Providers, as well as insurance payers and patients, already recognize the need to move from a strategy oriented to treating diseases to one focused on early detection and prevention, applying increasingly accessible indicators of individual patient risks based on aggregated genomics information. These indicators are then used to develop treatment paths based more closely on personalized health care data.

Health care and information solutions providers around the globe are joining forces to develop technologies that bring together critical data from disparate sources to create precise and individualized treatment plans for each patient.

For example, collaboration between Siemens and Partners Healthcare draws on a concept called service-oriented architecture (SOA). Because of its flexible, modular and standardized nature, SOA may prove to be a core foundational tool that enables more personalized diagnosis, individualized and preventive therapies, and clinical workflows. 

In the coming decades, it's widely expected that medical knowledge about effective treatments and best practices will be a public domain. However, this will require systems that can deliver standards for medical informatics to physicians and nurses. It will mean equipping health care providers with an open, standard IT architecture so that they can begin to pull data, applications and people together. And, it will mean that the IT applications, infrastructures and organizations delivering these solutions must become more agile and flexible.

The challenge of improving information accessibility calls for fundamental, systemic changes to the way knowledge is shared and applied. Empirical, trial-and-error methods of treatment are not able to take advantage of the innovations in in-vitro and in-vivo diagnostics that have developed in the last five to 10 years. Consider that right now there are more than 25,000 genetic tests in different stages in the U.S. market. How can any caregiver stay on top of which tests to order, which series to run, and what kind of knowledge is available?

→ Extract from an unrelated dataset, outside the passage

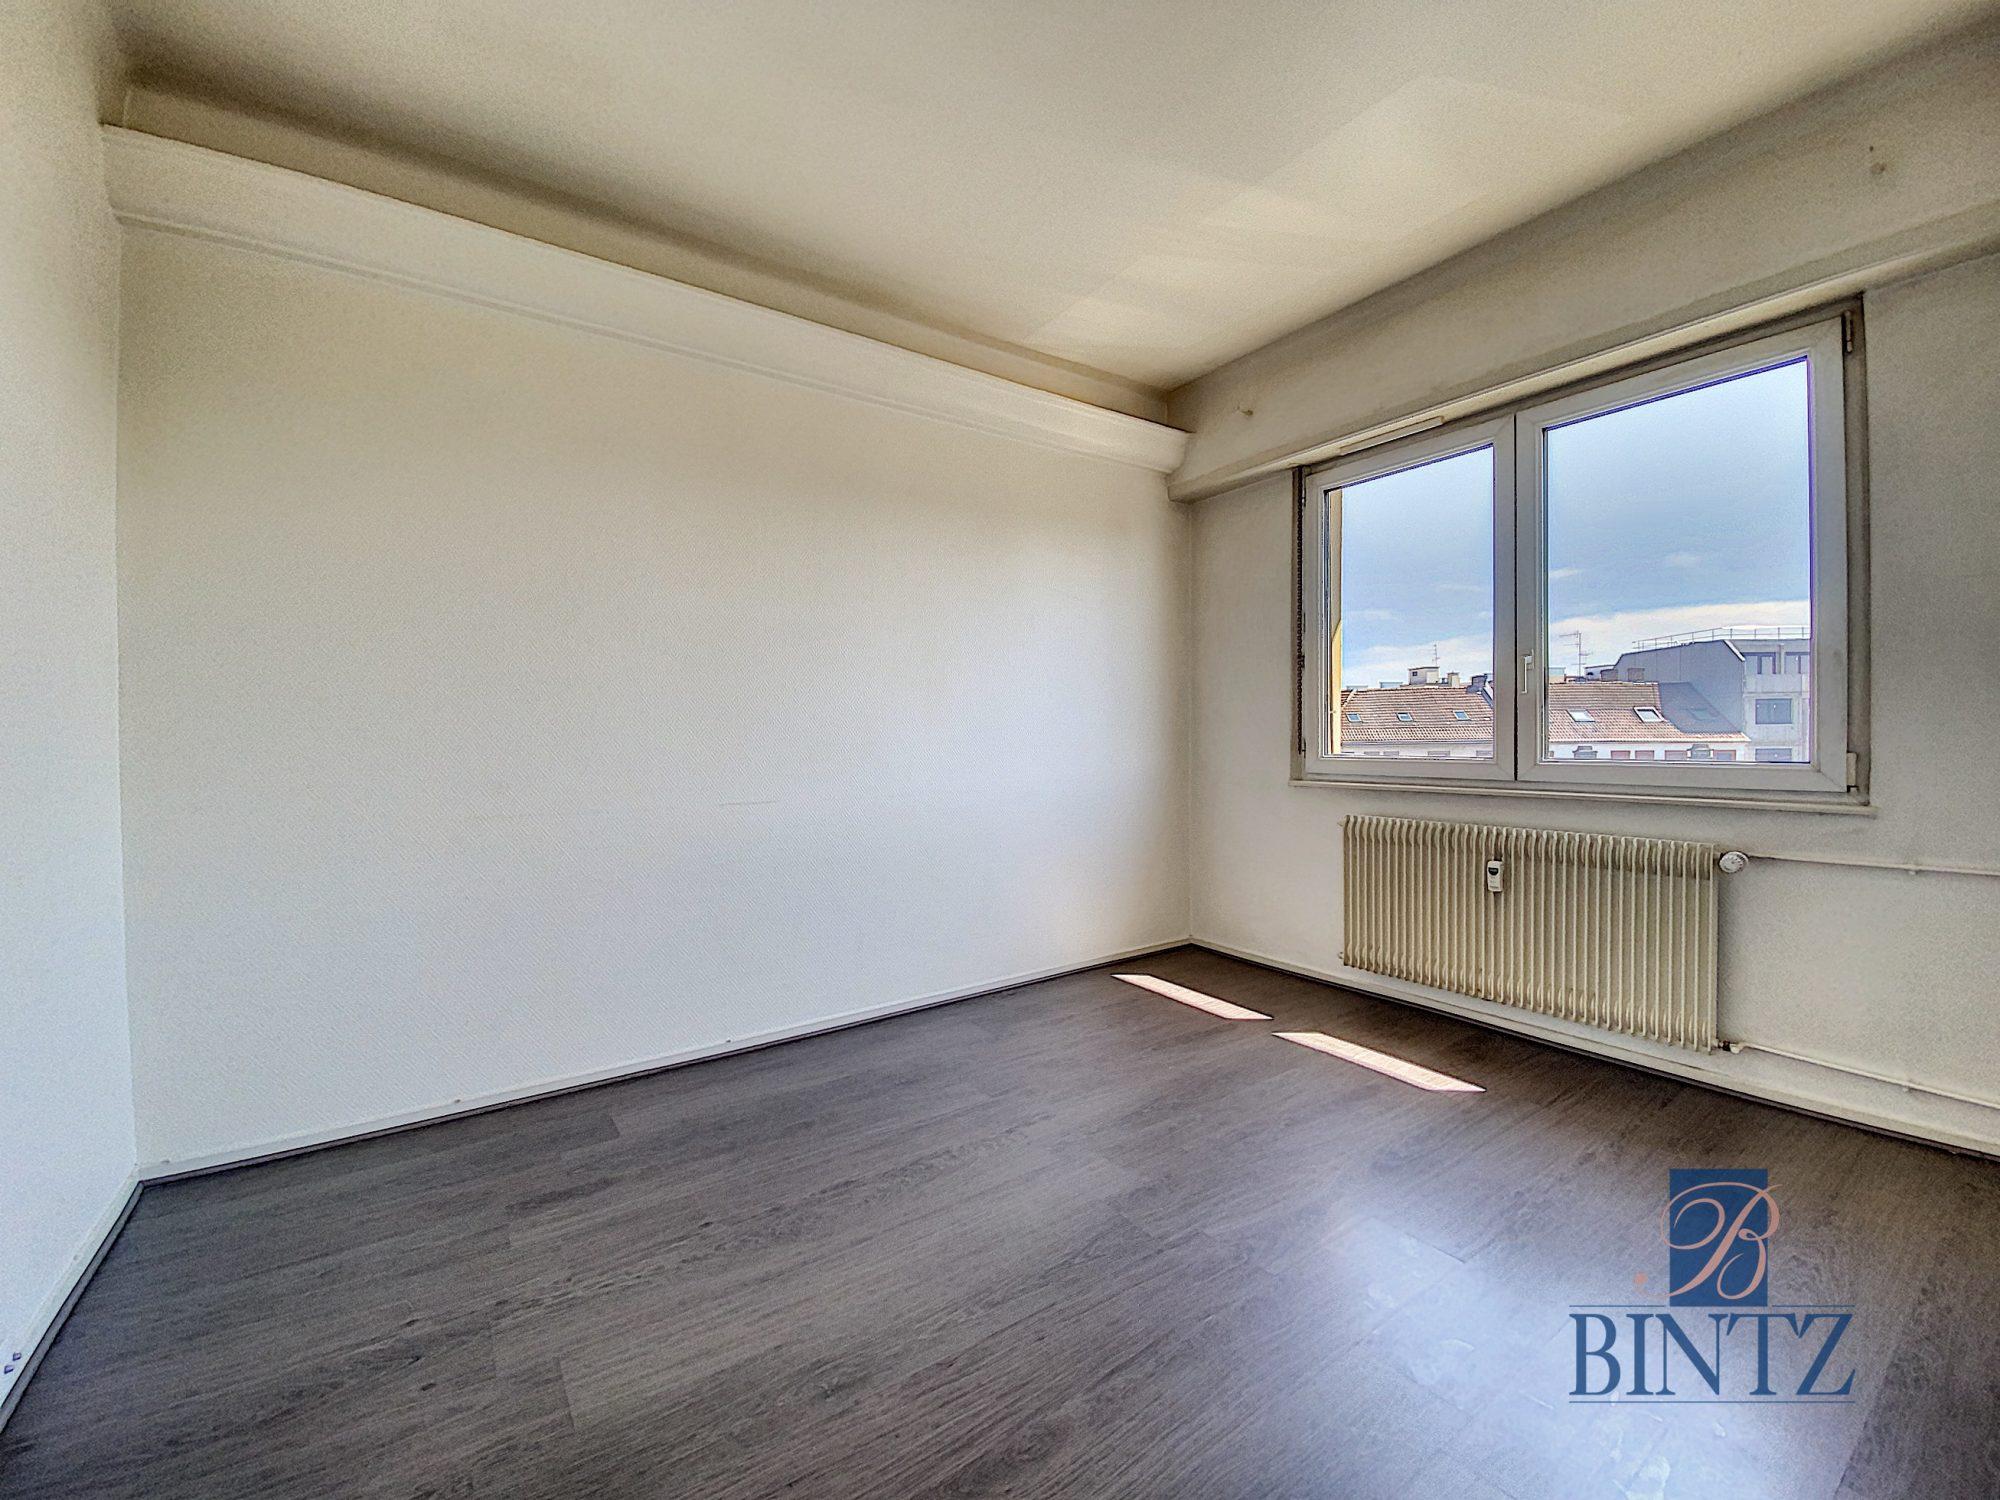 3P MONTAGNE VERTE - Devenez locataire en toute sérénité - Bintz Immobilier - 5

Moreover, research suggests that if fundamental changes are not made to the current system, the cancer death rate will continue to be about 190 per 100,000 a year¹ and about 325,000 people will continue to die in the U.S. of coronary heart disease in an emergency department or before reaching a hospital.²

A shift toward personalized health care

With the appropriate systems and processes in place, medical teams can have access to a wealth of pre-existing genetic knowledge and personal medical histories to determine the treatments and risk factors for illnesses -- and patients can receive individual therapies for common diseases to help respond more quickly to symptoms before they become life-threatening.

In coming years, doctors and health care professionals will utilize a whole new set of tools for diagnosis and treatment based on an array of genetic tests and clinical data to determine the best treatment with the fewest side effects. Drug developers will gather evidence from patients about who will best respond to a given therapy for a given condition, and regulatory agencies will establish standards so that health care providers can easily compare one therapy to another. Further, insurance reimbursement will likely be based on comparison data culled from repositories of best-practice information and patient treatment histories, to avoid cases in which money goes to waste on unnecessary, sometimes harmful, procedures and treatments.

Of course, a number of legal and social issues, most notably privacy concerns, will need to be addressed. And, providers will need to be willing to share information across infrastructures.

So, the question isn't if this new world is coming, it's when. Fundamentally, the industry's IT systems must be in a position to manage this new reality.